У мисс Чапмэн был встревоженный вид.

– Вам не о чем беспокоиться, это не имеет никакого отношения к моему сыну, это строго между нами. У вас есть талант, стиль, и вы знаете свое дело. За несколько лет вы можете преуспеть. В одной только моей семье хватит модников, чтобы обеспечить вас клиентами.

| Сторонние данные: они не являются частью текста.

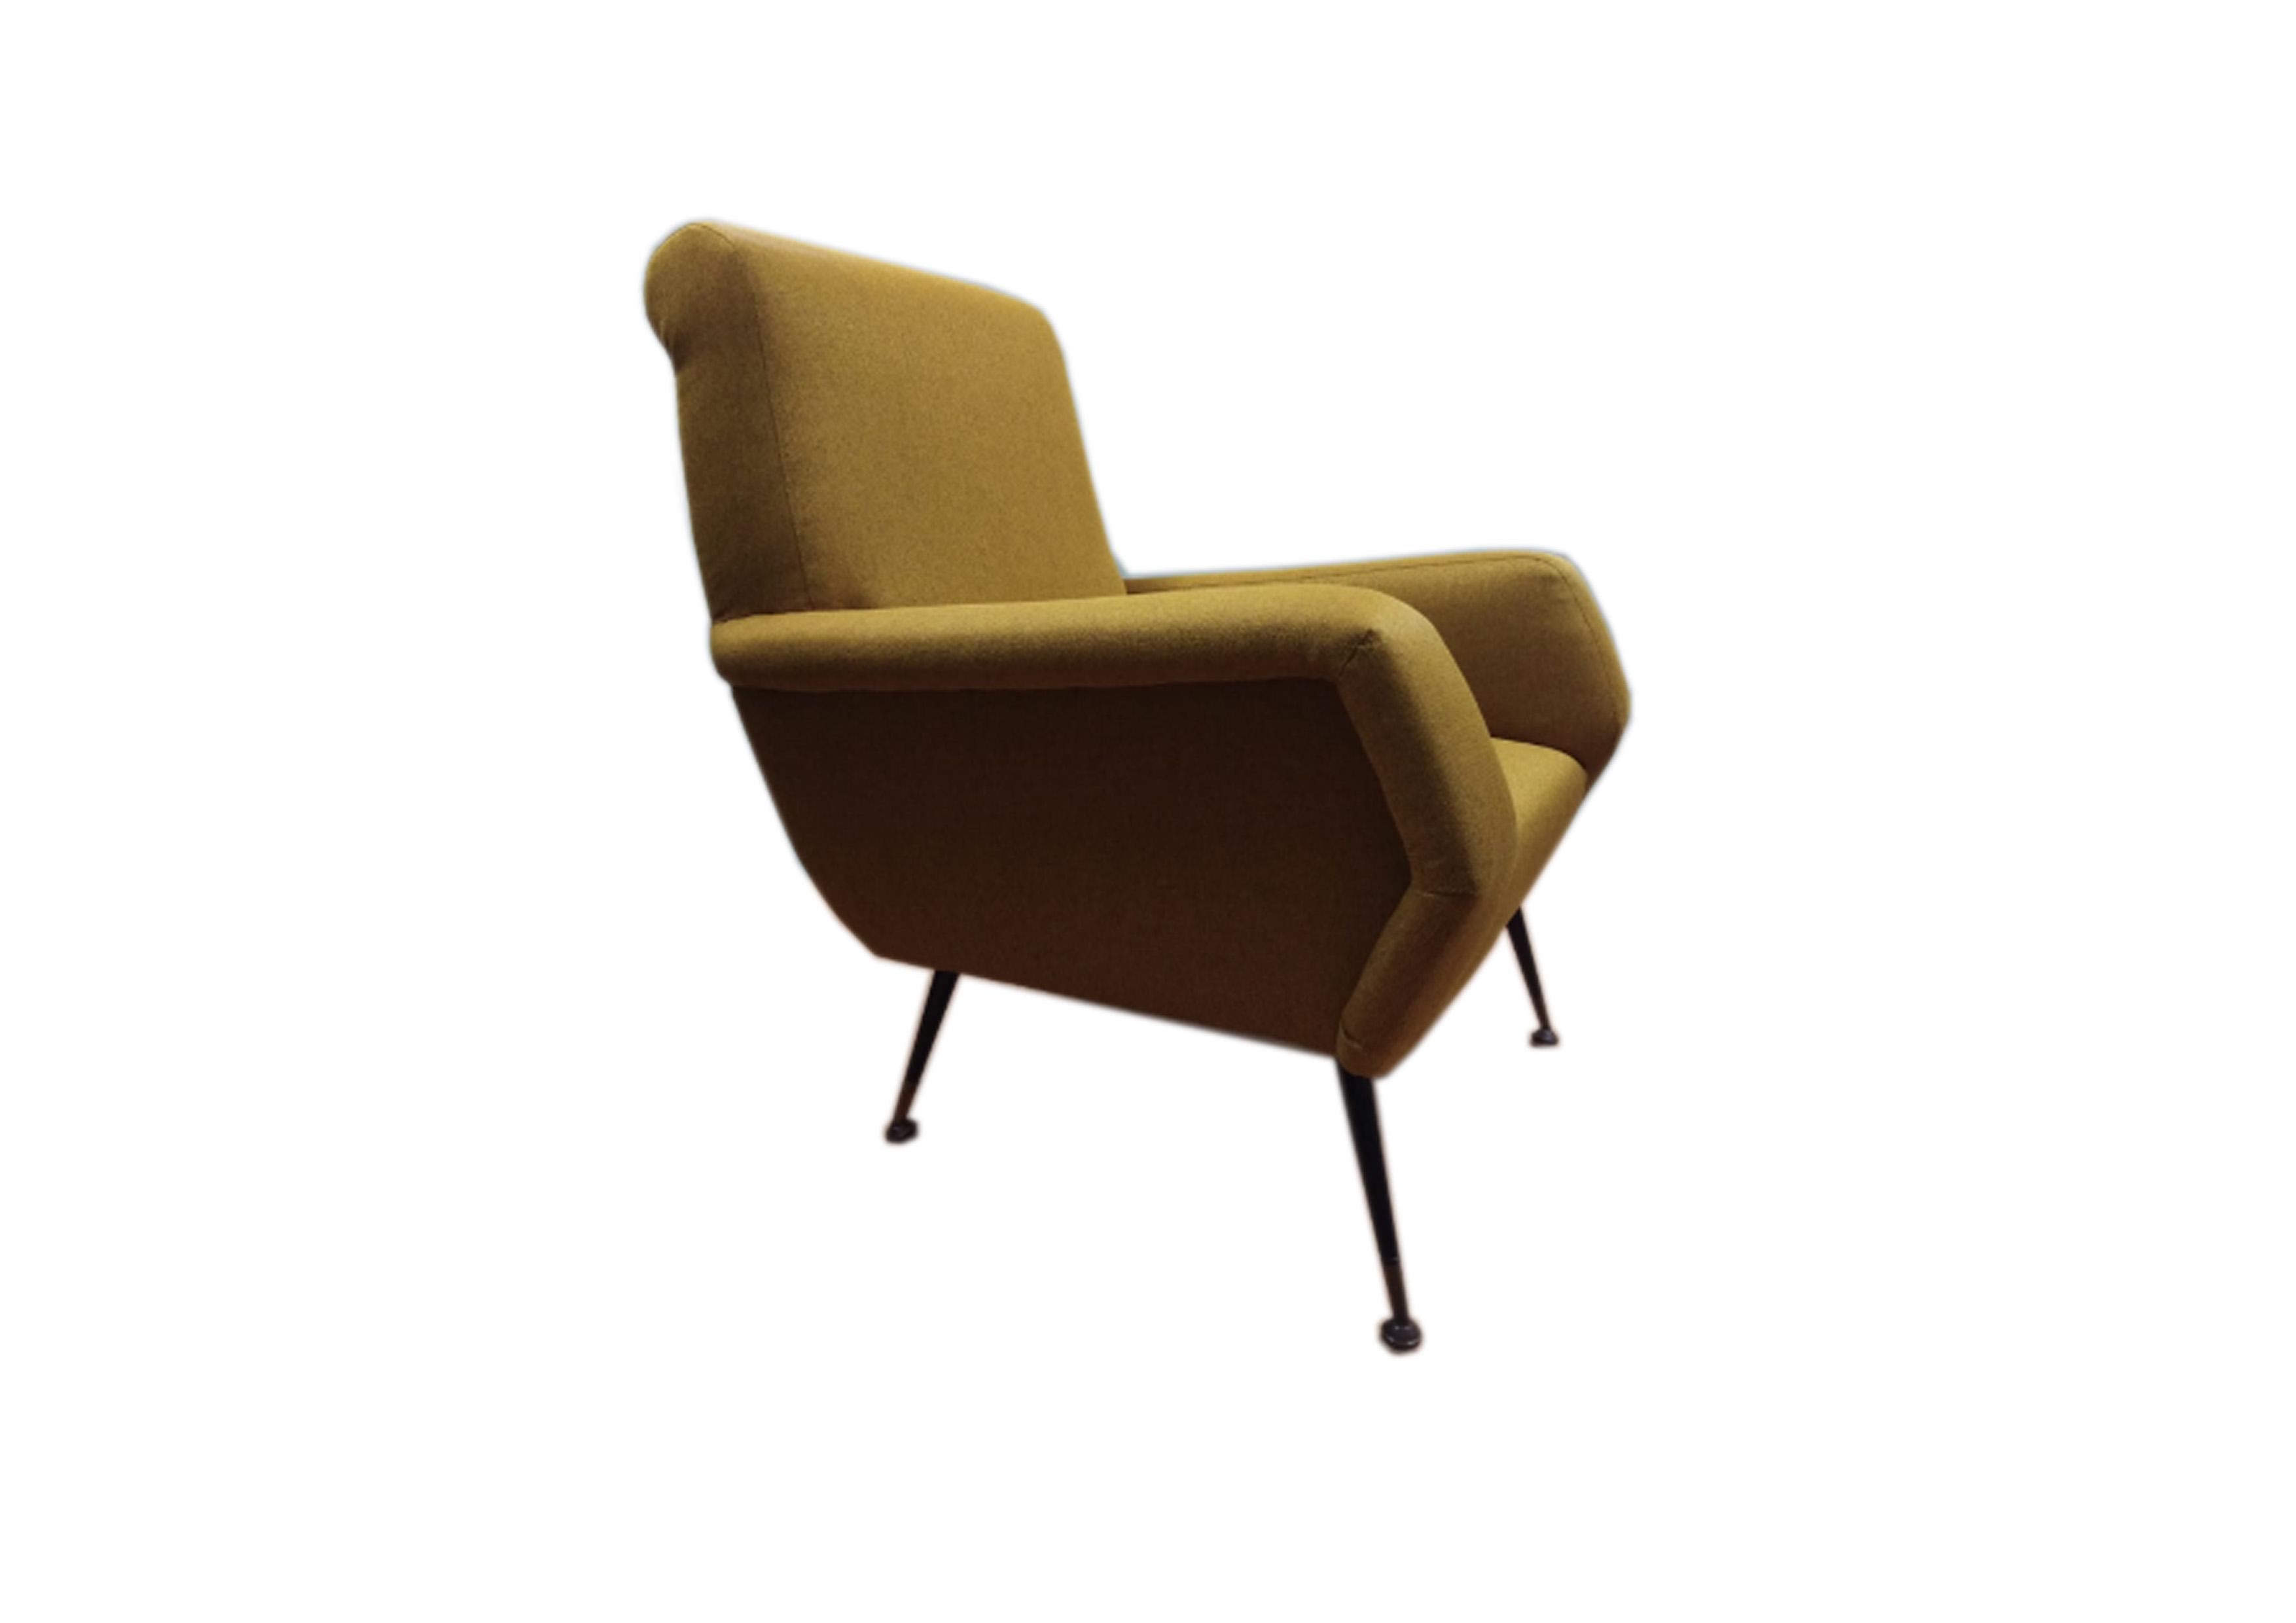 a97-armchair-radice

Мисс Чапмэн хотела что‑то сказать, но миссис Портер ее остановила:

– Не решайте второпях. Подумайте как следует. Можете дать мне ответ в конце недели. – Она вынула сигарету из мундштука и погасила в большой хрустальной пепельнице. – Но я скажу вам так, как сказала одной из своих дочерей: «Не будь дурой и прими мое предложение». Можете потом вернуть мне деньги, можете не возвращать. Не имеет значения.

 

Марион Чапмэн еще трясло, когда она развешивала одежду в примерочной. Миссис Портер ей всегда нравилась, но предложение было совершенно неожиданное. Увиливать от Гэмбла было нелегко, однако ей не впервой. Это же совсем другое дело. Было в миссис Портер что‑то вызывающее доверие, может, поэтому она не сразу отклонила предложение. Если бы она могла им воспользоваться! Это означало бы новую жизнь, безопасность, они бы с Деной выбрались из этих гнусных гостиничных комнат. Обзавелись бы своим домом, куда Дена могла бы приводить друзей.

Когда она вечером собралась домой, Дена ждала ее в холле. Они зашли поужинать в ресторанчик на углу, и Дена спросила, что с ней, о чем она думает.

– Ни о чем, дорогая, просто устала.

Вернувшись домой, Марион Чапмэн уложила Дену спать на кушетку в гостиной, села напротив в кресло и смотрела, как дочь спит. Свет фонаря окутал Дену серебристым сиянием, осветил волосы и белую кожу. В последнее время в ее внешности все больше проглядывал отец: те же голубые глаза, те же волосы. Она сидела и курила в темноте, уносясь воспоминаниями в далекий 1943‑й, в Сан‑Франциско. Девушка, которая с ней вместе работала, встречалась с моряком, и ее друг, вероятно, увидел Марион сквозь витрину и страсть как хотел с ней встречаться, но в том году город наводняли молодые люди, жаждавшие познакомиться с девушкой, прежде чем их отправят на фронт, и ей это было не интересно. Подруга умоляла ее в течение нескольких недель хотя бы разок с ним увидеться, и в конце концов, только ради того, чтобы девушка отстала, она согласилась пойти с ним в бар «Вершина Марка»[46]выпить одну рюмку, не более. В тот вечер, когда она вышла из лифта отеля на верхнем этаже, он ждал ее, держа обернутую в целлофан коробку с орхидеей, перевязанную красной лентой.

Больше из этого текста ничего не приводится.